A: To apply the distributive property, you need to follow these steps:

1. Identify the factor outside the parentheses.
2. Multiply the factor by each term inside the parentheses.
3. Combine the results of the multiplication.

Q: What are some examples of the distributive property?

A: Here are some examples of the distributive property:

• 2(3 + 4) = 2(3) + 2(4) = 6 + 8 = 14
• 5(x + 2) = 5x + 10
• 3(2y - 4) = 6y - 12

Q: Can I use the distributive property with negative numbers?

A: Yes, you can use the distributive property with negative numbers. For example:

• -2(3 + 4) = -2(3) + -2(4) = -6 - 8 = -14
• -3(x - 2) = -3x + 6

Q: Can I use the distributive property with fractions?

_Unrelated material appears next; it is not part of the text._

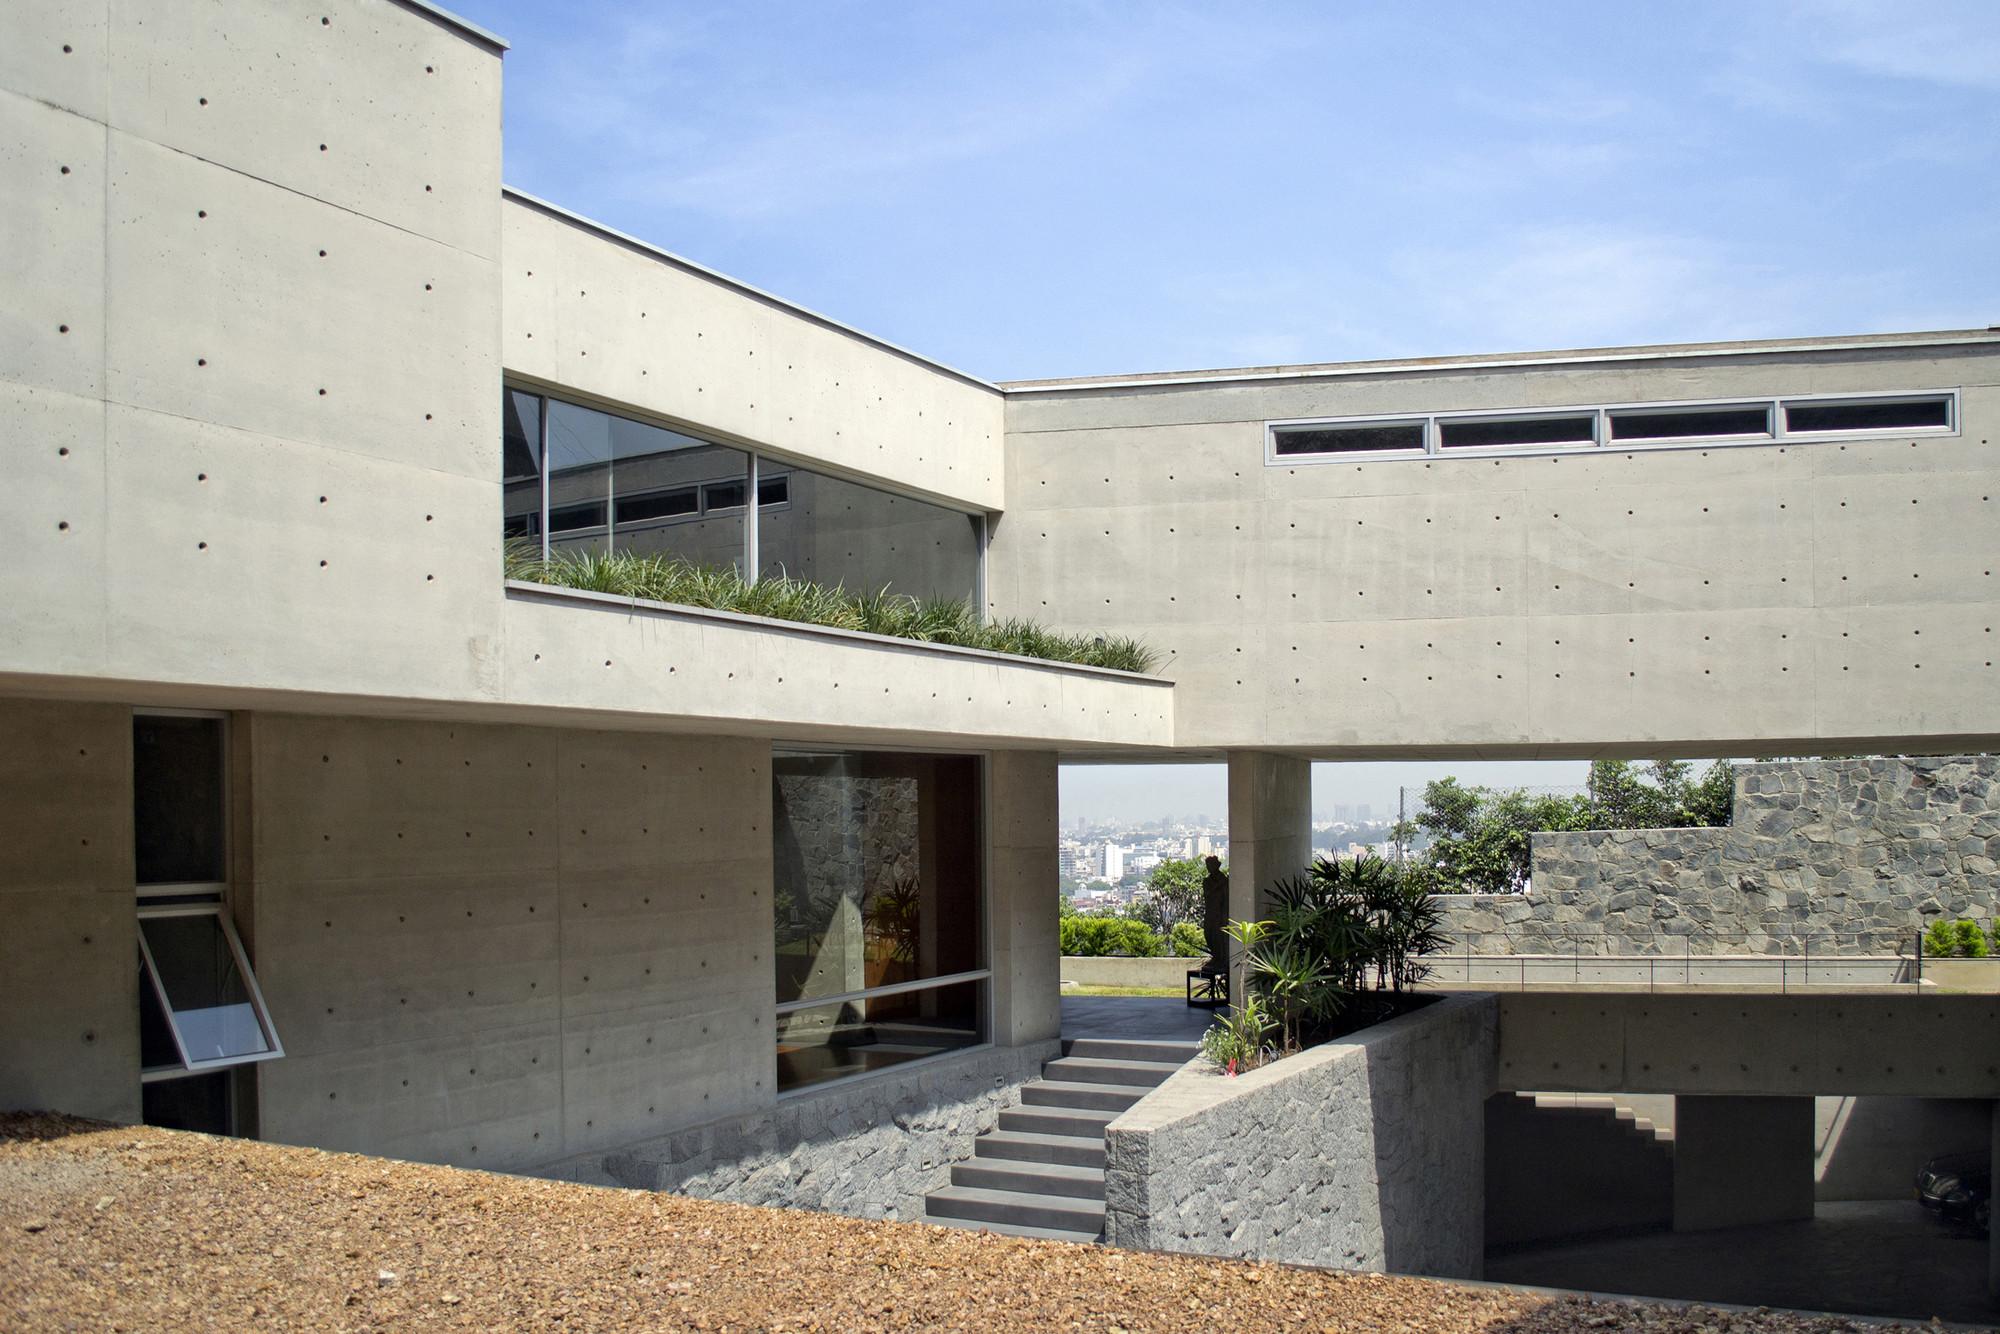 House on the Hillside / Benavides & Watmough arquitectos, © Stella Watmough

A: Yes, you can use the distributive property with fractions. For example:

• 1/2(3 + 4) = 1/2(3) + 1/2(4) = 3/2 + 2 = 7/2
• 3/4(x + 2) = 3/4x + 3/2

Q: Can I use the distributive property with decimals?

A: Yes, you can use the distributive property with decimals. For example:

• 2.5(3 + 4) = 2.5(3) + 2.5(4) = 7.5 + 10 = 17.5
• 0.5(x - 2) = 0.5x - 1

Q: Can I use the distributive property with variables?

A: Yes, you can use the distributive property with variables. For example:

• 2(x + 3) = 2x + 6
• 3(y - 2) = 3y - 6

Q: What are some common mistakes to avoid when applying the distributive property?

A: Here are some common mistakes to avoid when applying the distributive property:

• Not distributing the factor to each term inside the parentheses.
• Not combining the results of the distribution.
• Using the distributive property incorrectly.
• Not using the distributive property when it is applicable.

Q: How can I practice the distributive property?

A: Here are some ways to practice the distributive property:

• Use online resources such as Khan Academy or Mathway to practice the distributive property.
• Work with a tutor or teacher to practice the distributive property.
• Use worksheets or practice problems to practice the distributive property.
• Apply the distributive property to real-world problems.

Conclusion

In conclusion, the distributive property is a fundamental concept in mathematics that can be confusing for many students. By understanding the distributive property and applying it correctly, you can solve a wide range of mathematical problems and make informed decisions in various fields. Remember to practice the distributive property regularly to become proficient in this concept.